您的位置 首页 工具使用

trRosetta: 在台式机上从头折叠一个蛋白——这台台式机最好有一块好显卡

作者: 刘源 北京大学化学与分子工程学院-王初题组特聘博士后

一、前言

去年CASP上AlphaFold打败了众多老牌队伍,展示了工业级别深度学习的能力。但其所用的方法基本是学界已有的方案: 首先用Jinbo Xu首创的深度学习方法[1], 利用多序列比对数据生成目标蛋白的几何约束。这些约束中包括氨基酸接触距离分布,主链二面角分布等信息。接着用直接梯度下降方法进行优化,最后用Rosetta精修结构。尤其是优化初始结构这一步,与传统的fragments方法不同,不需要大量的随机采样,就可以直接得到高质量的蛋白折叠结构,无疑展示出深度学习的强大功能。
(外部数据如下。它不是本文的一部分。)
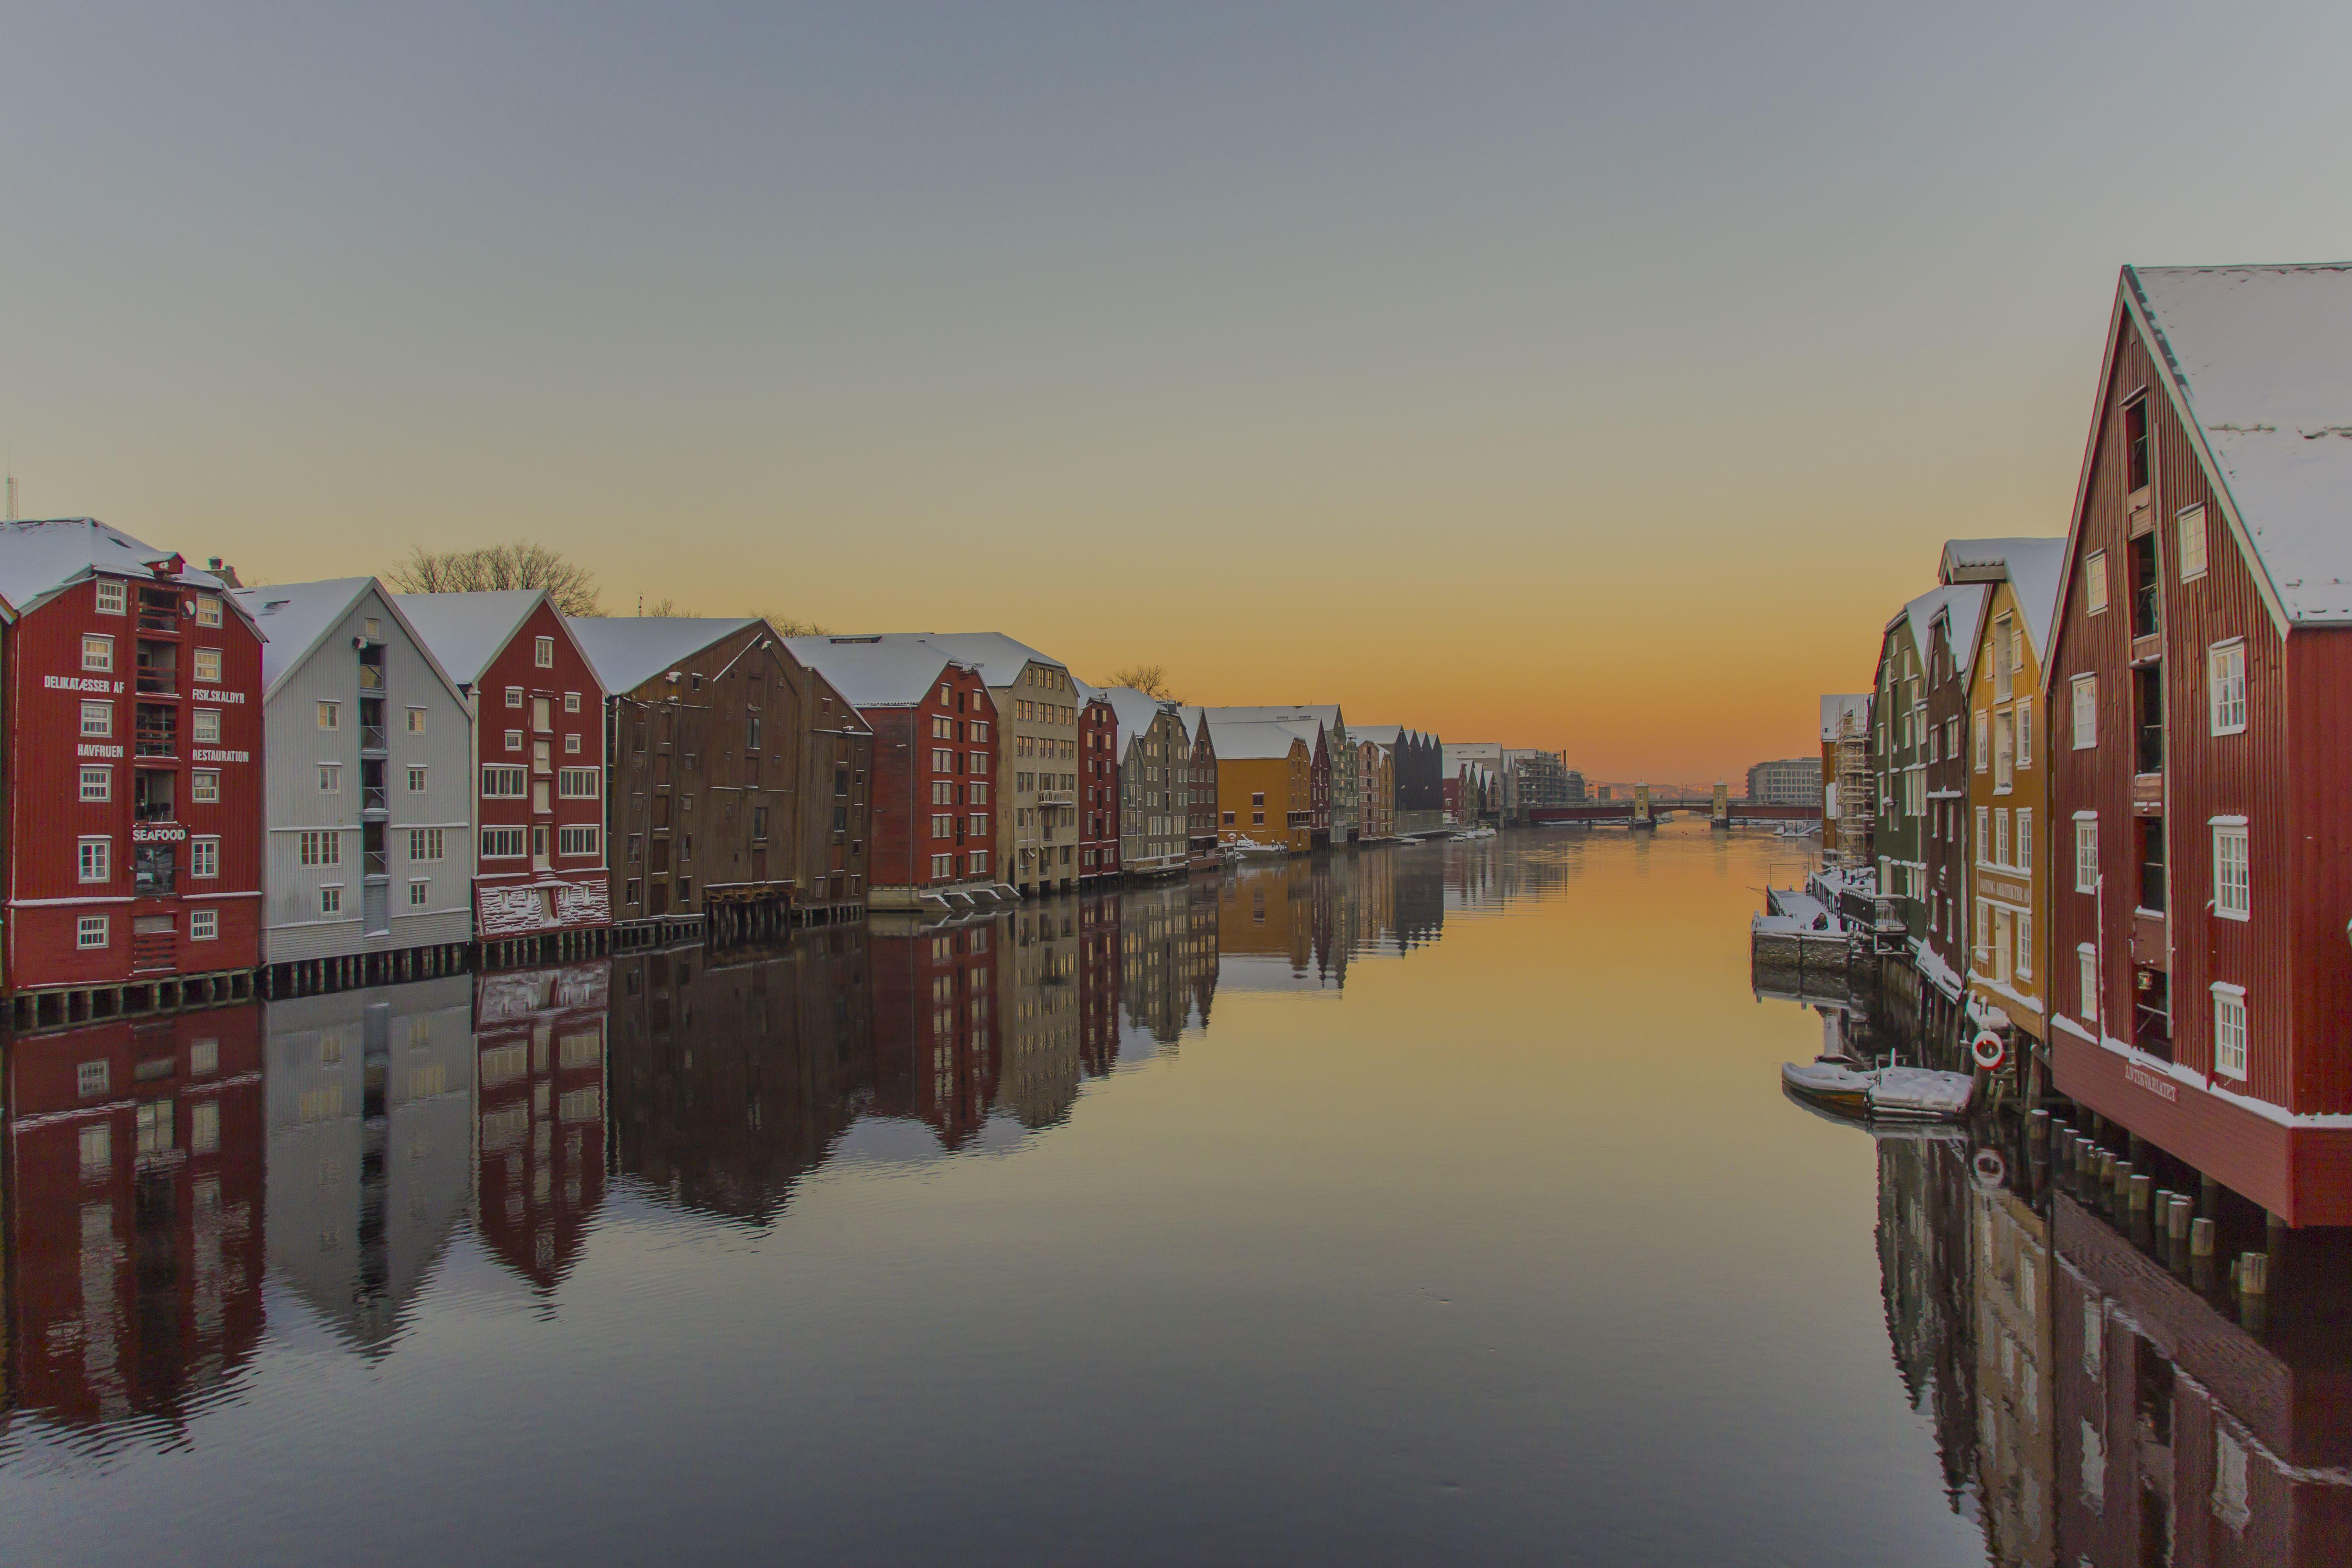 Trondheim along the waterfront by bike

使用多重序列比对数据来挖掘蛋白折叠数据的思路已经发展了数十年,其坚实基础是测序技术与算法的共同进步。序列信息呈现几何级数式的增长,为算法上提供了足够的数据量!在算法上的进步同样不可小觑,最初考虑的只是两个独立位点间的关联信息,随后的一些算法比如Gremlin[2] 会考虑每个位点和整个序列的信息,而Jinbo Xu的方法引入监督学习,相当于进一步引入了所有蛋白的信息 (最近听了Xu老师的报告很受启发)。

随着输入信息的增多,输出信息也越来越丰富。从两个残基是否接触的二分类问题,发展到氨基酸接触距离分布,甚至是各种二面角,扭转角度的分布问题都可以用一个深度学习模型进行预测。与传统的Fragments数据(存储着短程几何约束信息的数据库)不同,深度学习本质上构造了一个包含长短几何约束信息的预测模型(Yaoqi Zhou和Haipeng Gong等展示深度学习模型可以得到比数据库更好的fragments[3])。而且这个模型理论上是可微分的,所以无论是信息精度和采样方式都会带来质的提升。

最近发表的trRosetta方案[4](请关注南开大学Jianyi Yang),作为集大成者,不仅预测精度上达到了超越AlphaFold的性能,同时还可以在本地完成全套计算。下面就让我们来体验一下在一台台式机上从头折叠一个蛋白的奇妙过程。

trRosetta技术原理:

trRosetta的深度学习模型根据序列比对文件来预测氨基酸之间的距离和朝向分布,并将其转化为平滑的Rosetta限制参数,用于后续的能量最小化建模。

二、trRosetta的使用方法

依赖:

Tensorflow 1.13 或 1.14版本
trRosetta的预训练数据
PyRosetta

安装依赖库:

conda install tensorflow==1.14

获取预训练数据(270.5MB):

wget https://files.ipd.uw.edu/pub/trRosetta/model2019_07.tar.bz2
tar xf model2019_07.tar.bz2

PyRosetta获取详见: http://www.pyrosetta.org/dow

备注: 本文以N-Terminal SH2 domain of the p120RasGAP(PDB ID: 6pxb)作为实例,序列长度109。

1. 生成多序列比对MSA

trRosetta是基于序列比对文件作为输入,因此我们可以使用Gremlin2和MapPred服务器快速生成所需的contact map以及原始数据msa。这个有很多服务器可以做:

Gremlin: https://gremlin2.bakerlab.org/

MapPred: http://yanglab.nankai.edu.cn/MapPred/

此处以Gremlin为例,测试序列的Nf值为216.8, 共进化信息比较丰富。

点击下载Alignment,共3652条序列比对。

注意1: msa数据数据不能分行显示,每行必须包括比对序列的全部内容,如下图。

>seq1
SISTRIGEYRSAQSKEDLIQKYLNQLPGSLCVFFKFLPSVRSFVATHASGI…
>seq2
AFPMRIADYRSAQSKEDMIQRFLNGISGSRCLFFKFLPSVRSFVATHANGI…
>seq3
AISEVINDYRIAESKEDIIRMLFQNLSNLPLLFFKFLPSMNSFVMSHASMP…
>seq4
HVSMRITDYRSAQSKEDLIQKYLNHLPNALCIFFKFLPSVRSFVATHAQGI…

2.  用trRosetta生成几何约束文件

接着我们可以从GitHub(https://github.com/gjoni/trRosetta) 上下载trRosetta的部分文件。随后用简单的代码就可以得到npz格式的几何信息文件。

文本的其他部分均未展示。